Last few months I have been spending time with semgrep tool. As much as it has features its still a growing tool and does needs a bit of handholding. Here I will quickly explain how to hack the base code of semgrep to make it work against your specific language even though input file extension might not be the standard names.
TL:DR;
Background
Semgrep is a static code analysis tool that relies on a customizable set of rules to scan source code and identify various issues. The issues can range from general coding standard deviation to security Issues. I have been using semgrep for finding security bugs. As part of this process, I needed to run semgrep on many files/folders. This is exactly where I spotted my situation.
Let’s assume hypothetically we have all of our php files as .php7 or .server. In current setup semgrep will execute no rules if you specify language as [php]
Sample Rule
rules:
- id: get
patterns:
- pattern-either:
- pattern: $_GET[$KEY]
languages: [php]
mode: search
message: Look for get
severity: WARNING
Execution
As you can see the source folder has 3 files but semgrep ran the rule on only one file.
This is where I started digging what I can do and I stubbled upon a few options.
Option 1: Use paths
rules:
- id: get_agent
patterns:
- pattern-either:
- pattern: $_GET[$KEY]
paths:
include:
- "*.php"
- "*.server"
- "*.php7"
languages: [php]
mode: search
message: Look for user agent
severity: WARNING
However, this didn’t work and that lead me to further reading and poking questions at semgrep slack which initially pointed to 2 distinct suggestions.
a. Use generic as language
b. this is a known bug and someone already registered a bug
The first option didn’t work as if you use generic the standard language level parsers don’t come into picture. And the second option leads me to a rabbit-hole which eventually brought me to this discussion. This section clarified that the way semgrep operates, we can solve this by directly specify a file or a regular expression hack which lists all files needed.
Also, while going through all of this I realized path include is working in different manner, then I expected.

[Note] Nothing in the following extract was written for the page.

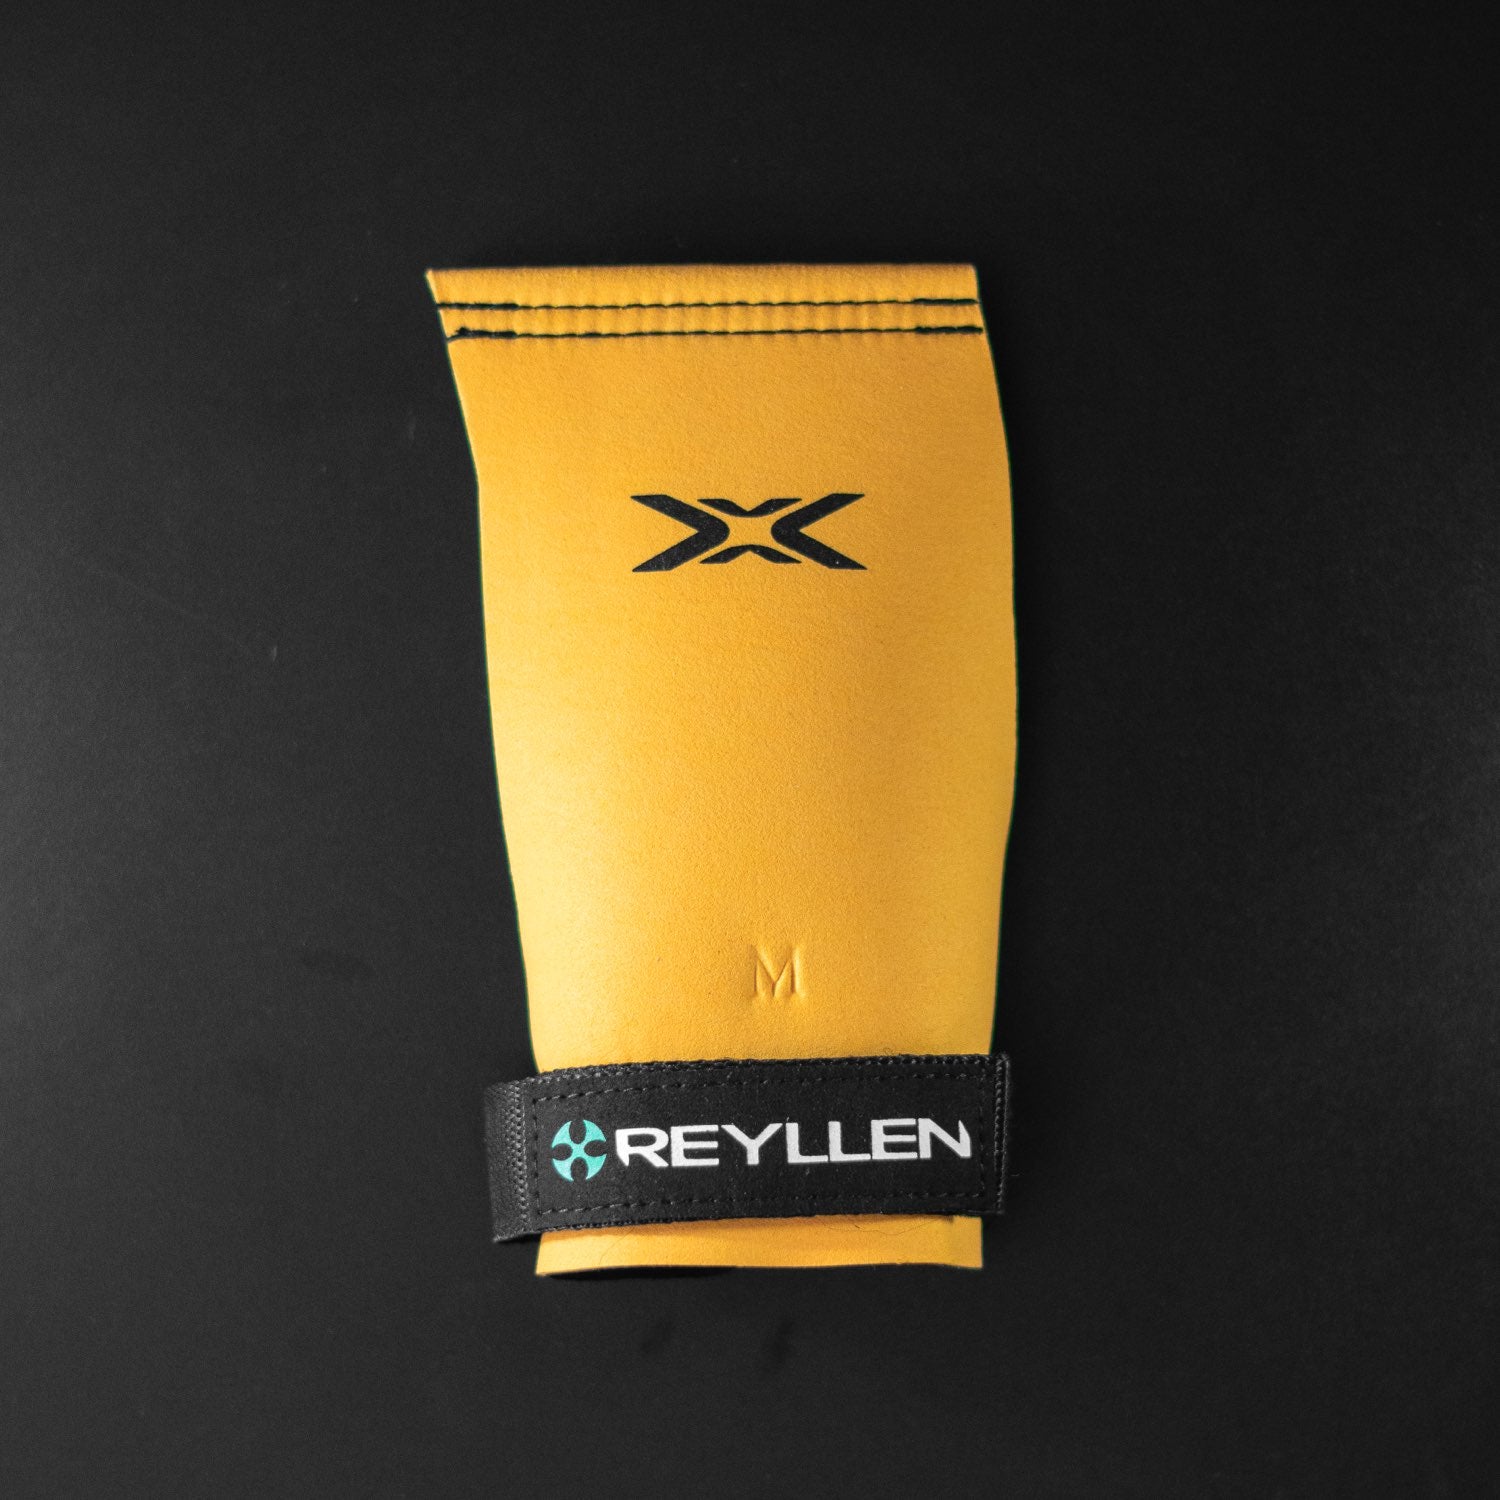 Reyllen X2 BumbleBee Crossfit Gymnastic Hand Grips - Fingerless  top down view single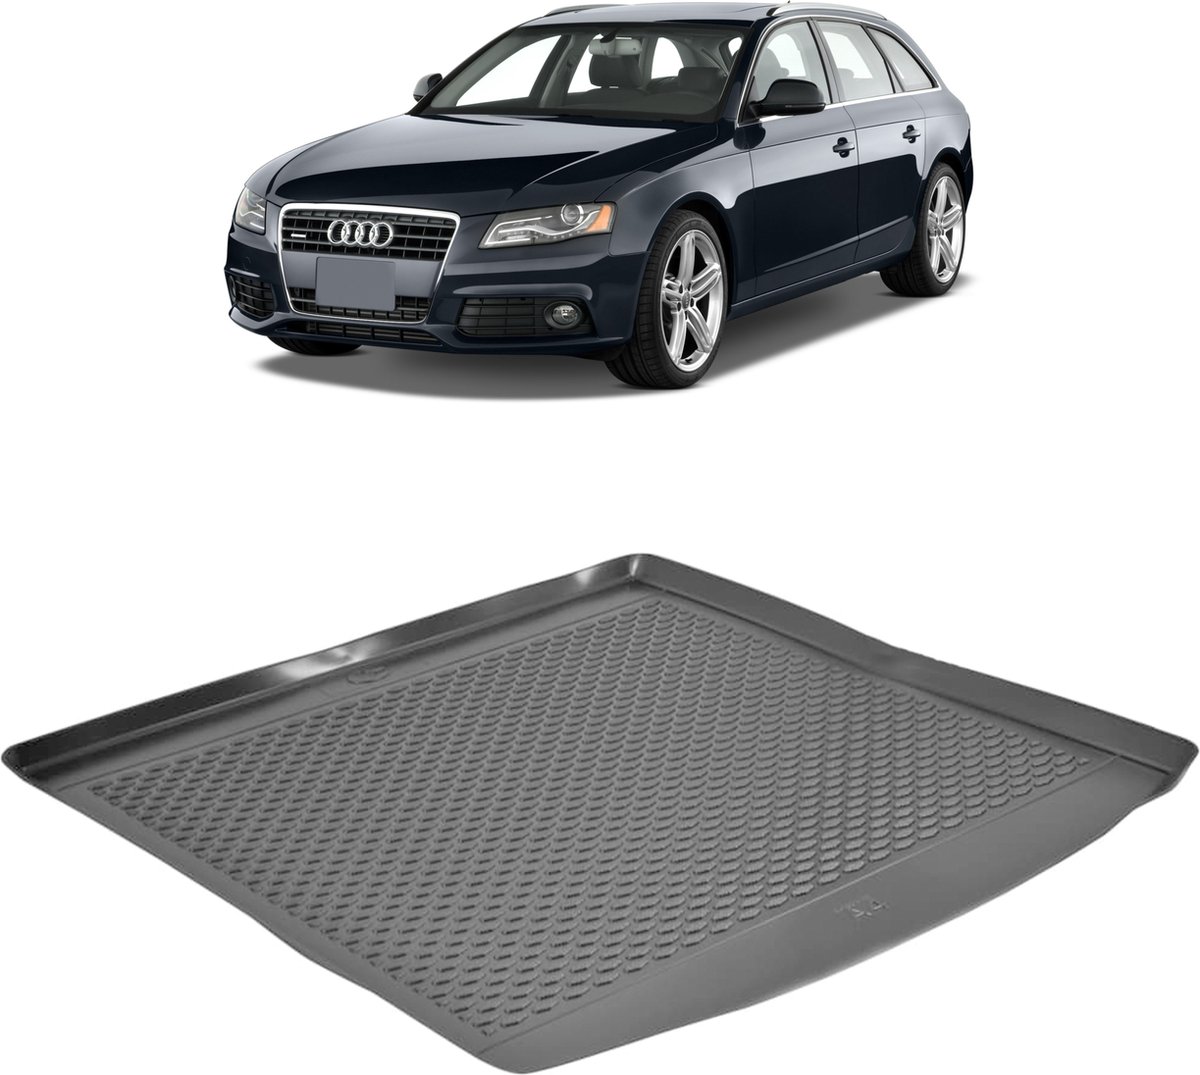 Kofferbakmat - kofferbakschaal op maat voor Audi A4 Avant - zwart - hoogwaardig kunststof - waterbestendig - gemakkelijk te reinigen en afspoelbaar

The last line of this comment and this (entire issue)[https://github.com/returntocorp/semgrep/issues/1099] helped me piece together the working. So effectively based on language they picked the files from a folder and then include or exclude filters executed on the list. They then sent the final list to semgrep for processing.
This is when i switched my search and have found a hack which works for now.
Solution
The way semgrep behaves clearly shows a presence of a list which allows it to pick extensions against the specific language tag. A bit of searching in the semgrep base code led me to target_manager_extensions.py This file holds the extensions corresponding to the specific language. Now I needed to test if editing this file would get the tool to work. So here is how I tested it.
- I needed semgrep python files locations on my system. I can do a full search of system or if you are specifically aware of your site-packages folder go directly to it. I did a slightly different hack.
$ pip3 install -U semgrep
This command results in an error message saying requirement already satisfied, however it quickly tells me the path of the package
Requirement already satisfied: semgrep in /usr/local/lib/python3.9/site-packages (0.51.0)
So testing my hypothesis I edited the file and reran the semgrep tool.
As you can see here, the result was that they scanned all 3 files. Once confirmed I raised an issue on the semgrep repository and I will link this specific blog post to it so if anyone wants to pick that issue they know what to look for specifically.
So now you know how to scan unusual extensions via semgrep even if it doesn’t directly support them right now. Remember semgrep upgrade will overwrite the edits remember to put them back manually till semgrep makes it a feature.
I hope this blog post helps people understand how a conclusion was reached and how debugging around the specific issue was performed.